Data
^^^^

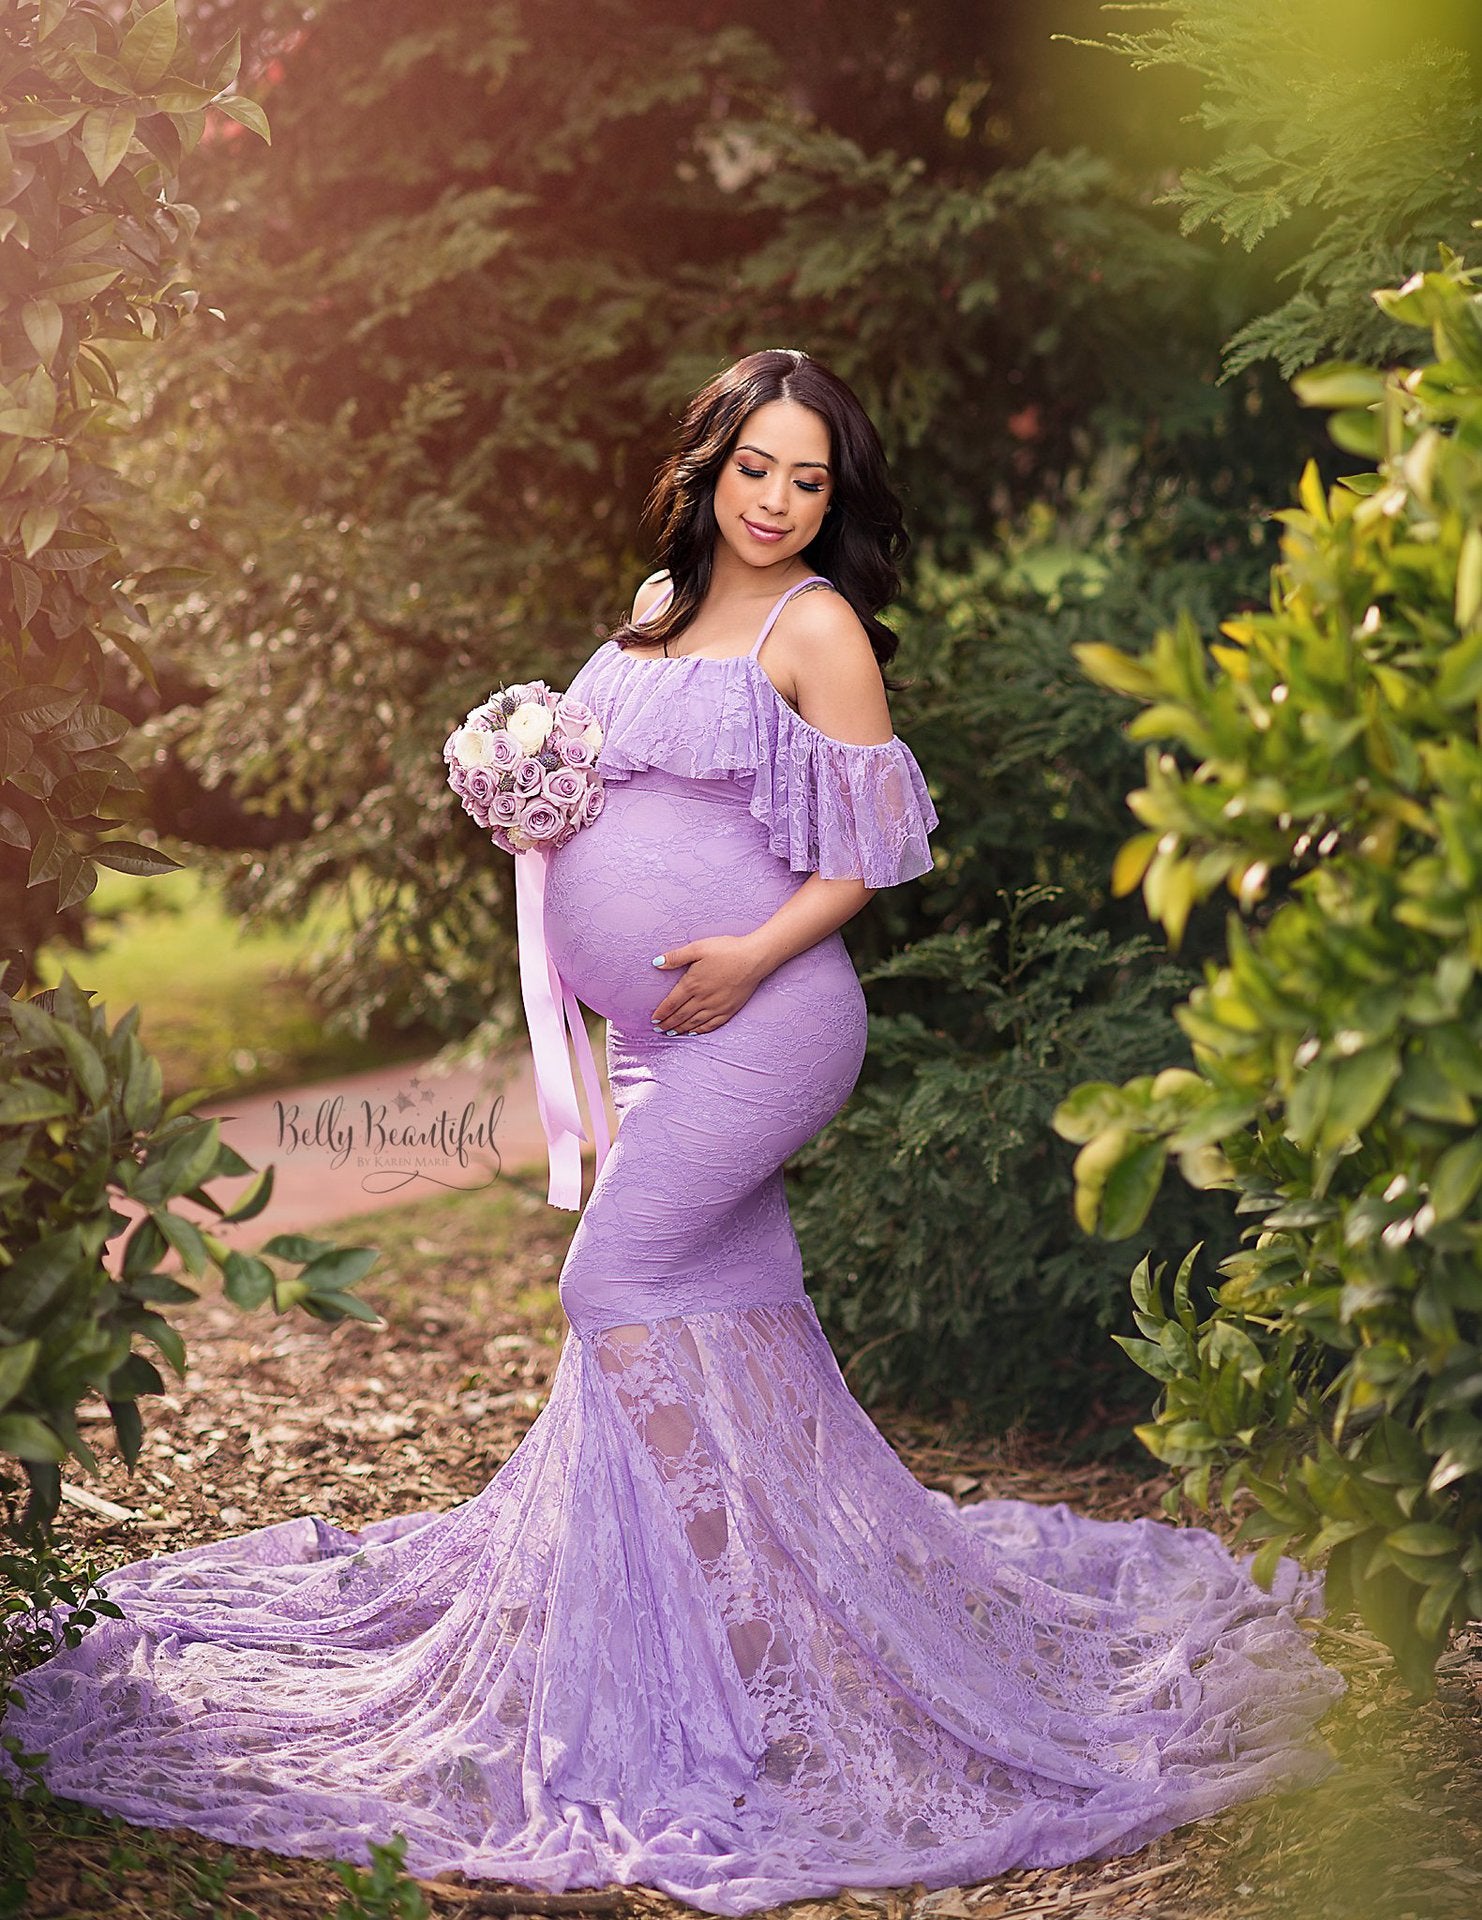 Allover lace maternity dress for a maternity photoshoot
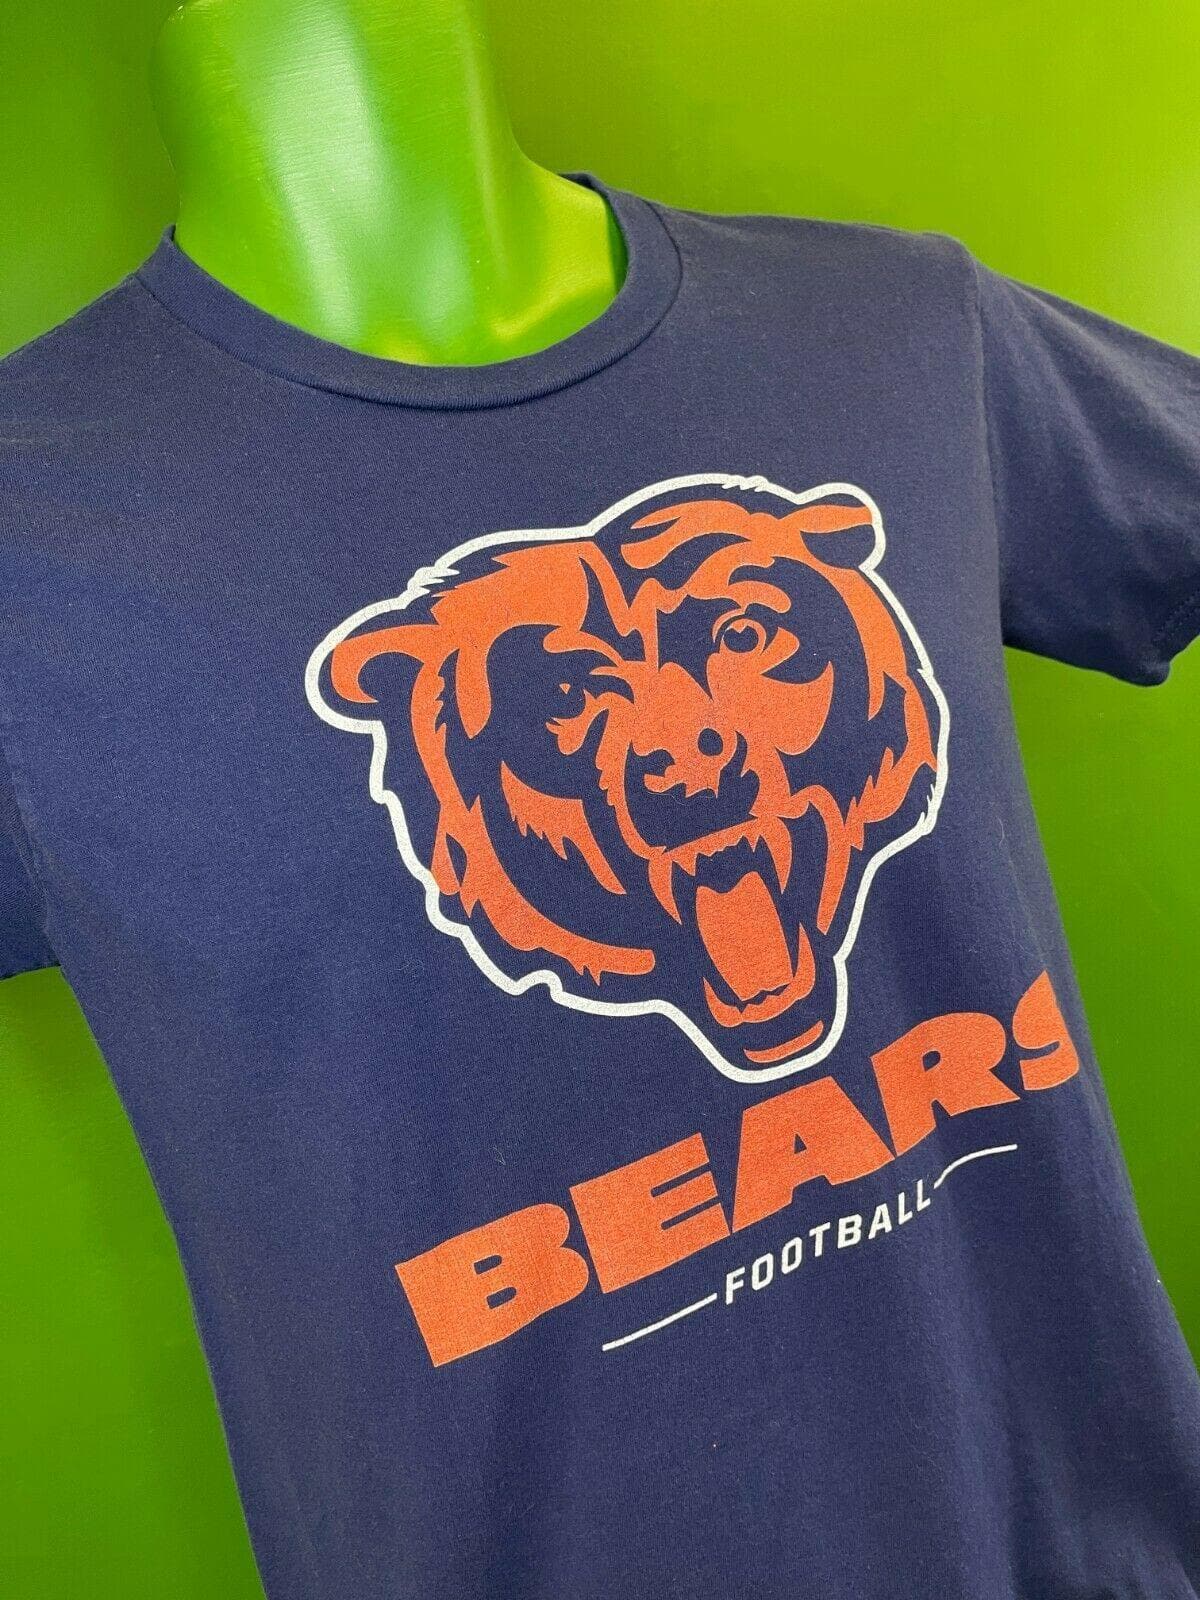 NFL Chicago Bears Pro Line Cotton T-Shirt Youth Large 14-16
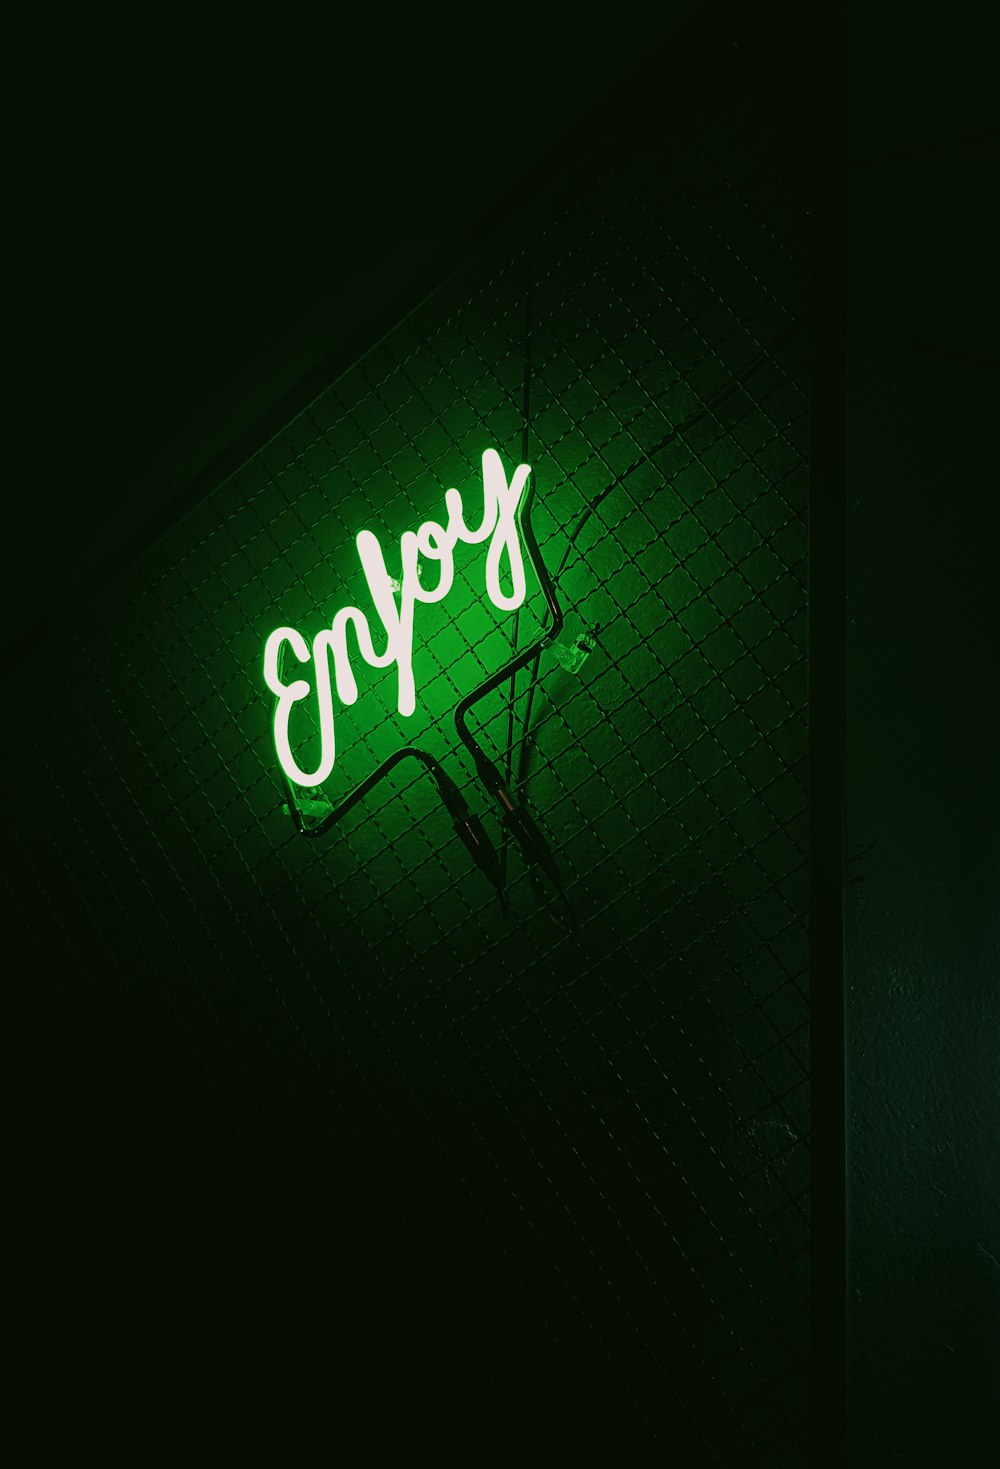 Neon Green Pictures | Download Free Images on Unsplash
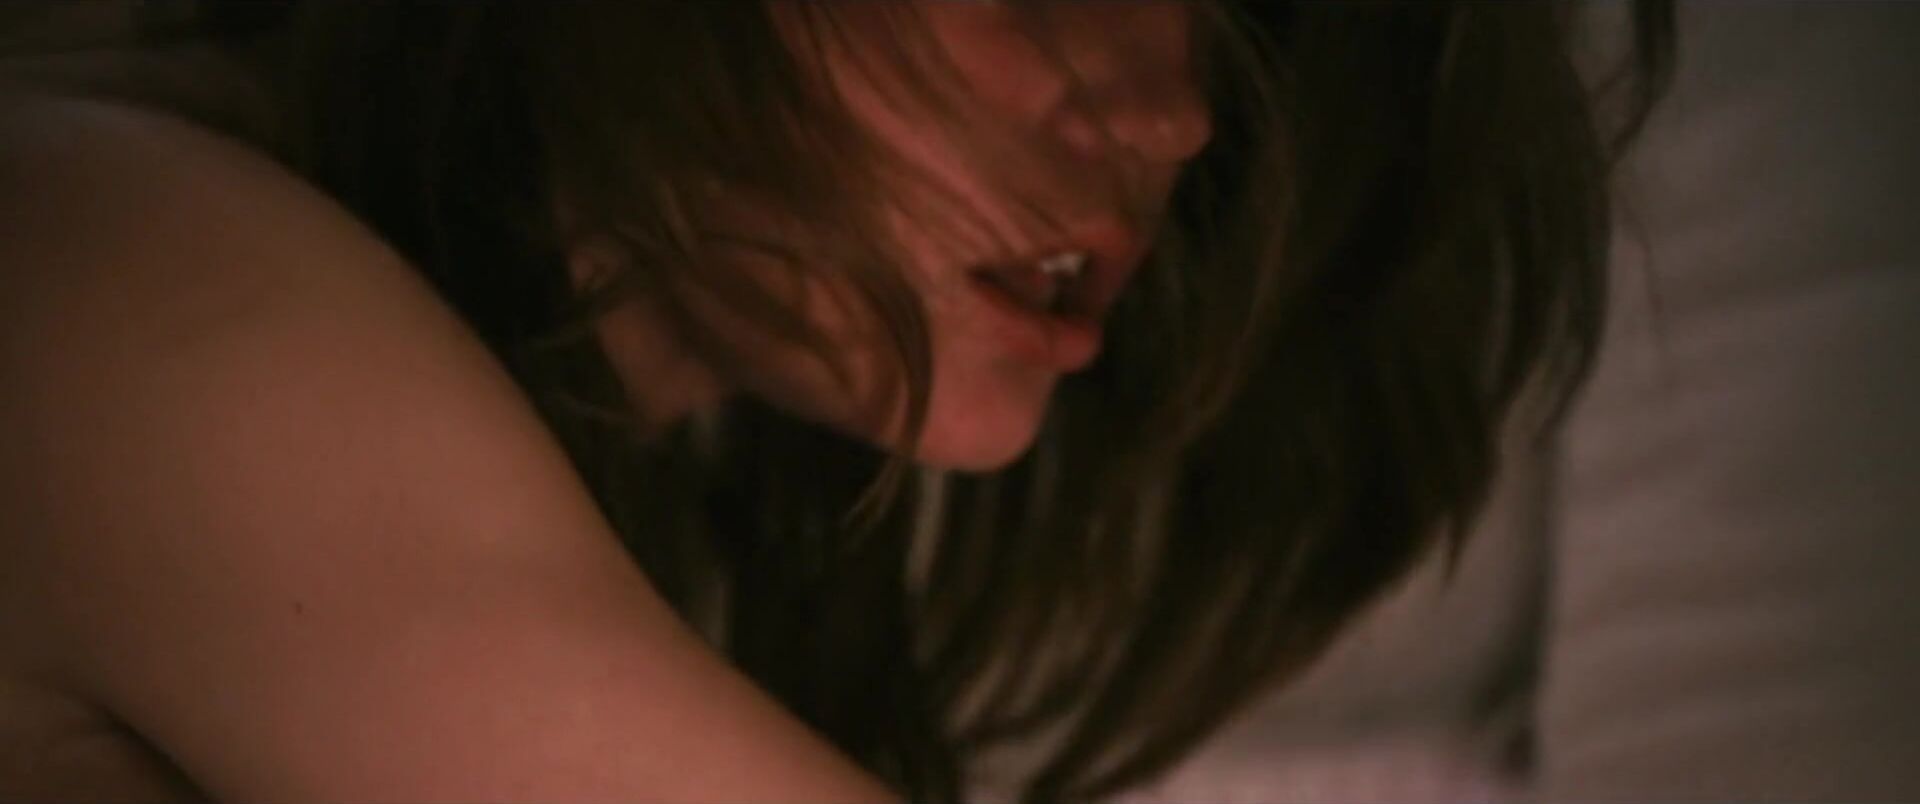 Shecock Adele Exarchopoulos and Lea Seydoux don't fantasize about nailing pussies but do it Rico

^^^^

Required action
With pictures left out, print the lines of the material above from the line containing "Neon Green Pictures" through its last line, exactly and nothing more.

Solution to the exercise
 Neon Green Pictures | Download Free Images on Unsplash
 Shecock Adele Exarchopoulos and Lea Seydoux don't fantasize about nailing pussies but do it Rico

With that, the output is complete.